Commandline used: ./configure --extra-cflags="-march=core2" && make fprofiled

Platform: X86
System: MINGW
asm: yes
avis input: yes
mp4 output: yes
pthread: yes
debug: no
gprof: no
PIC: no
shared: no
visualize: no

ACrowley
6th February 2009, 09:54
Ive the Feeling that the latest builds are little bit slower on my Quadcore Q6600 ? CPU Load in 2nd Pass is not mostly around 100%.
But i had full CPU Laod on all Coreas withg a bit older builds ?

Audionut
6th February 2009, 10:54
CPU load means nothing.

Don't rely on it, or your feeling. Measure it with some benchmarks.

Sharktooth
6th February 2009, 13:29
request: skystrife's updated builds ;)

Audionut
6th February 2009, 15:51
Can anyone help me to get configure working with the changes Loren made here http://git.videolan.org/?p=x264.git;a=commit;h=1df50b9287c83d5443d19482345b6842b78081c3

edit: how to get make to work in cygwin?

kemuri-_9
6th February 2009, 16:41
Can anyone help me to get configure working with the changes Loren made here http://git.videolan.org/?p=x264.git;a=commit;h=1df50b9287c83d5443d19482345b6842b78081c3

edit: how to get make to work in cygwin?

doesn't cygwin already have bash?
but either way, can always join #x264 on irc.freenode.net for help.

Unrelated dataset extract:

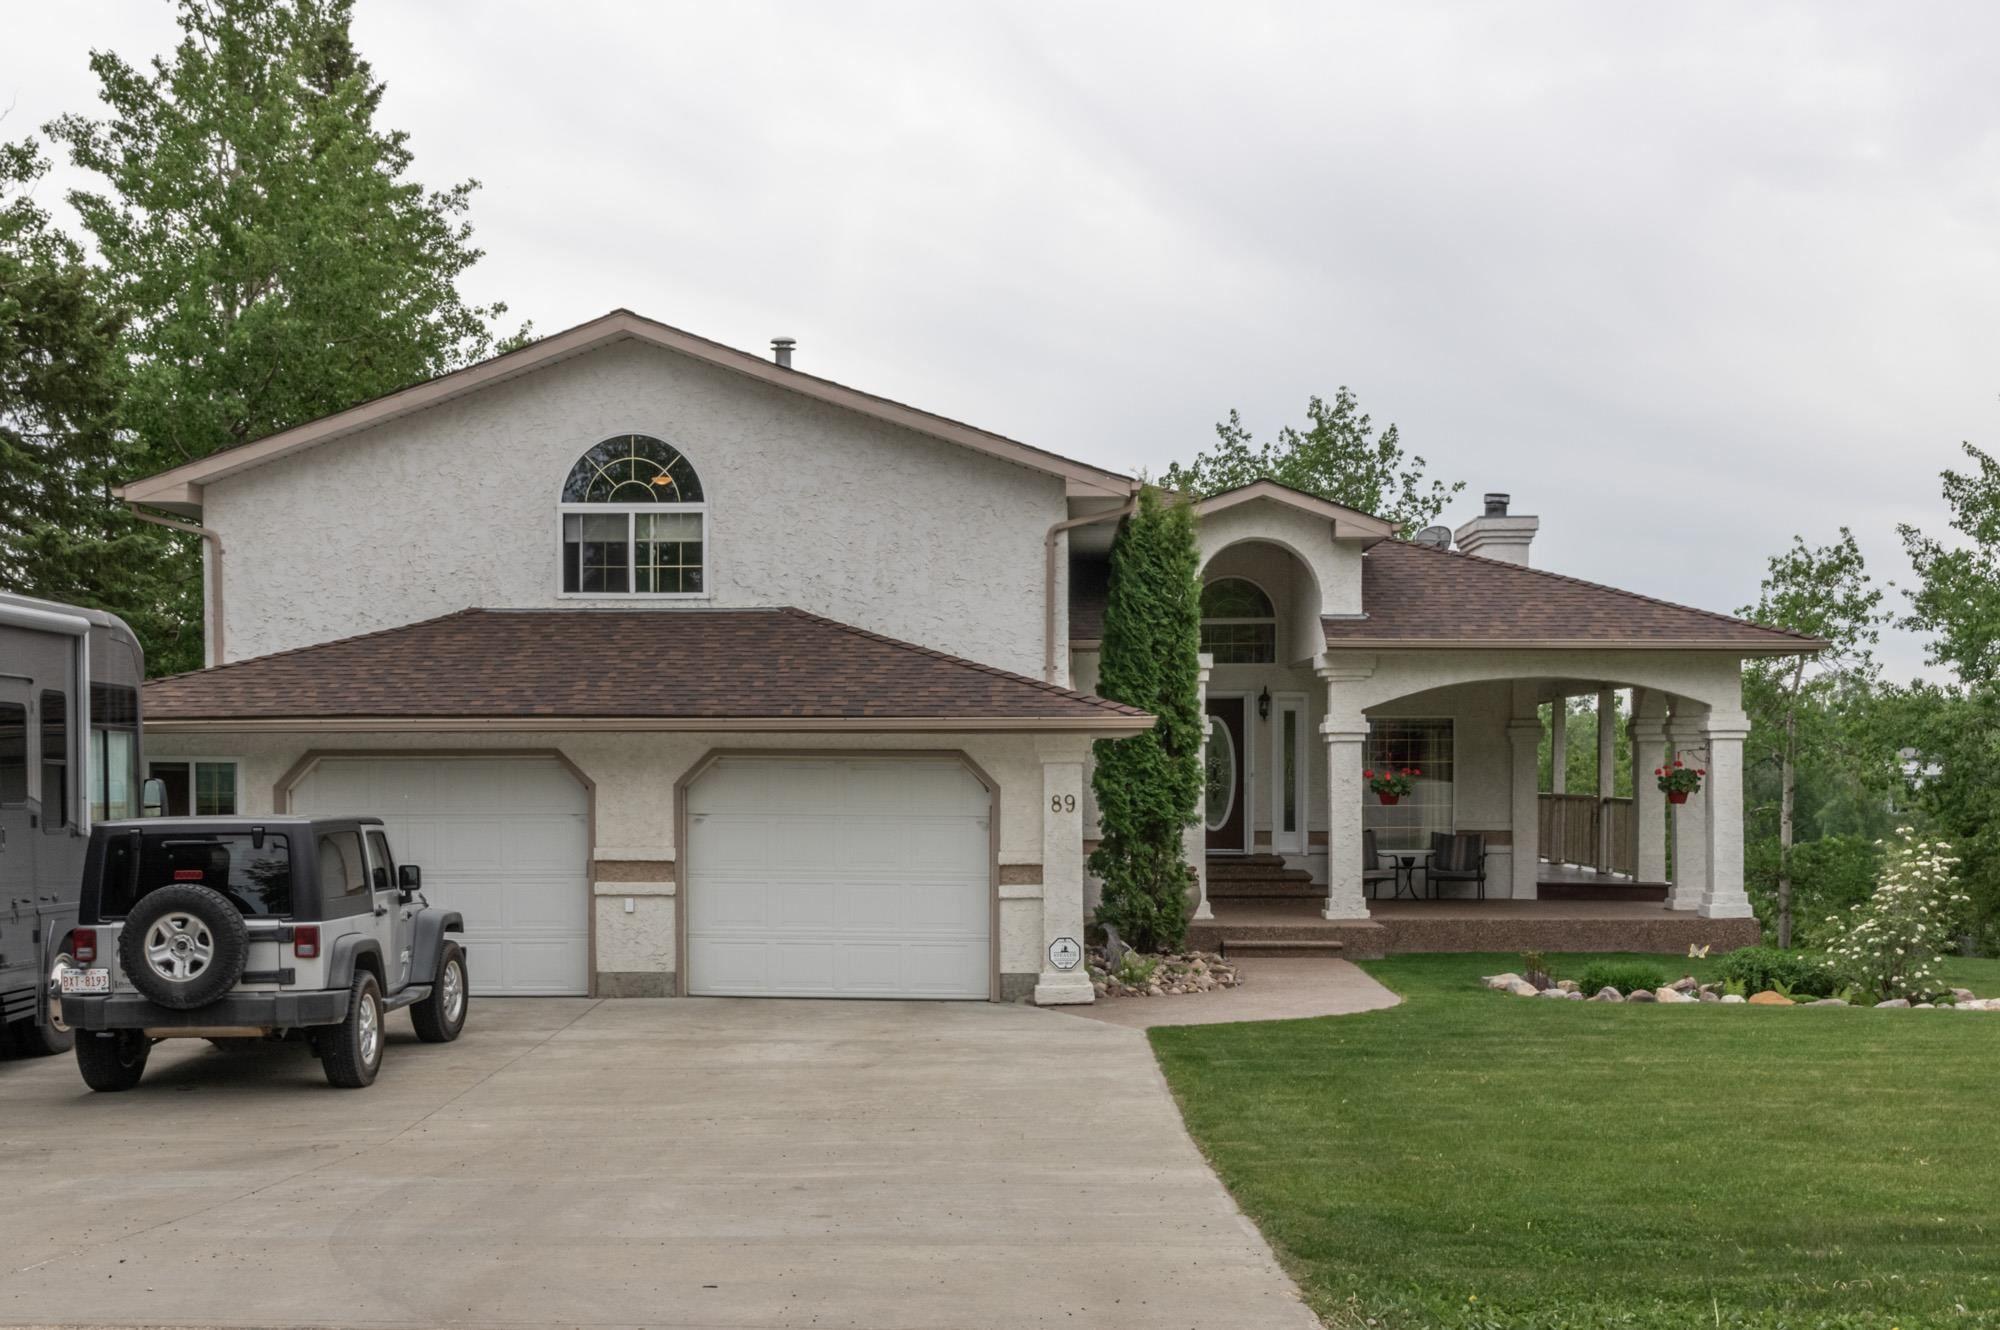 Main Photo: 89 52059 RR 220: Rural Strathcona County Condo for sale : MLS®# E4249043
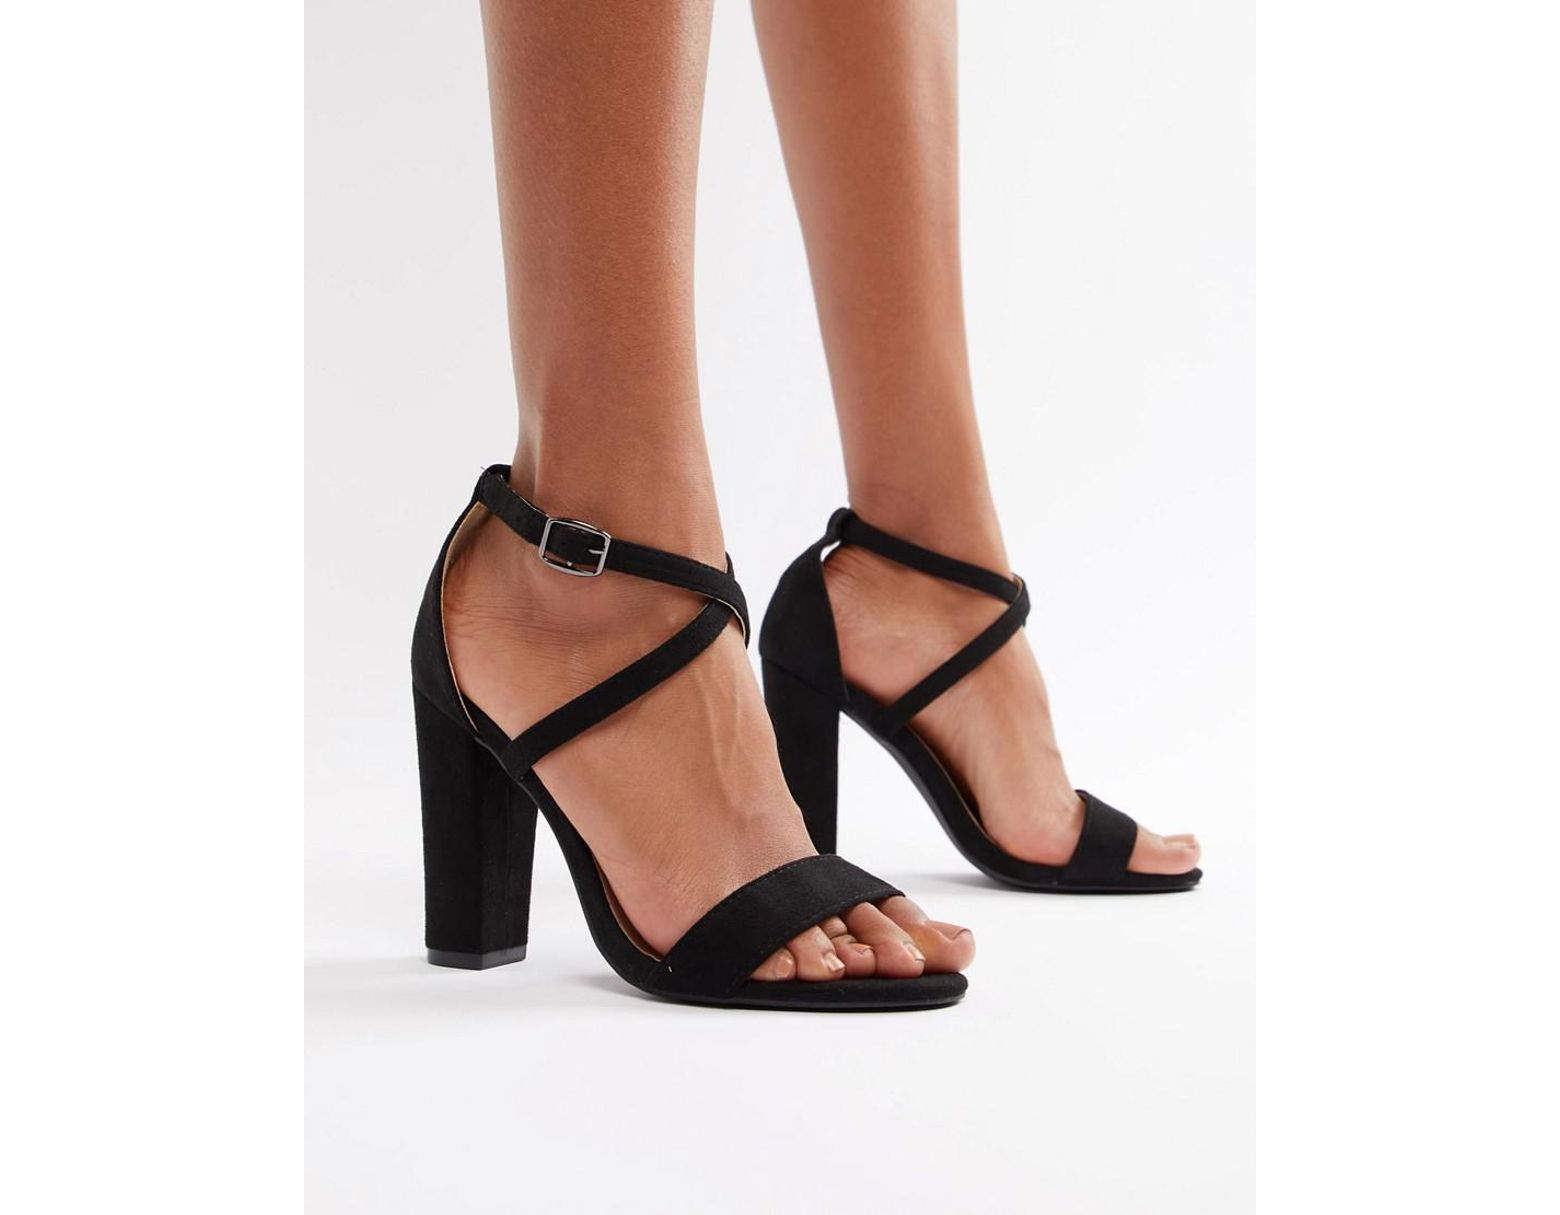 efdde95ff Glamorous Cross Strap Block Heeled Sandals In Black in Black - Lyst

request: skystrife's updated builds ;)
until the win64 patch is updated again, can only get up to r1100 working in x64. (r1101 broke it).

skystrife
7th February 2009, 03:20
x264.1101M.exe (http://www.mediafire.com/?dejo1zijm2b) - Alternate Download (http://skystrife.com/x264/x264.1101M.exe)

Patches used:

x264_hrd_pulldown.09_interlace.diff
x264_win_zone_parse_fix_05.diff

gcc 3.4.5 fprofiled build with -march=pentium2.
-----------------------------------------------

x264.1100M.x64.exe (http://www.mediafire.com/?dhmz4undgyw) - Alternate Download (http://skystrife.com/x264/x264.1100M.x64.exe)

Patches used:
x264_hrd_pulldown.09_interlace.diff
x264_win_zone_parse_fix_05.diff
x264_win64_support.06.r1093.diff

gcc 4.3.4 fprofiled build.

Audionut
7th February 2009, 10:58
http://komisar.gin.by/x.patch/BugMaster/x264_win64_support.07.r1096.diff

kemuri-_9
7th February 2009, 16:07
http://komisar.gin.by/x.patch/BugMaster/x264_win64_support.07.r1096.diff

Edit:
there's a newer win64 patch than that:
http://stashbox.org/392450/x264_win64_support.08.r1101.diff

MasterNobody
7th February 2009, 16:12
indeed that is the correct latest patch, since ver 06 broke with the asm additions with revision 1096.
The latest is x264_win64_support.08.r1101.diff (http://komisar.gin.by/x.patch/BugMaster/x264_win64_support.08.r1101.diff)

kemuri-_9
7th February 2009, 16:14
The latest is x264_win64_support.08.r1101.diff (http://komisar.gin.by/x.patch/BugMaster/x264_win64_support.08.r1101.diff)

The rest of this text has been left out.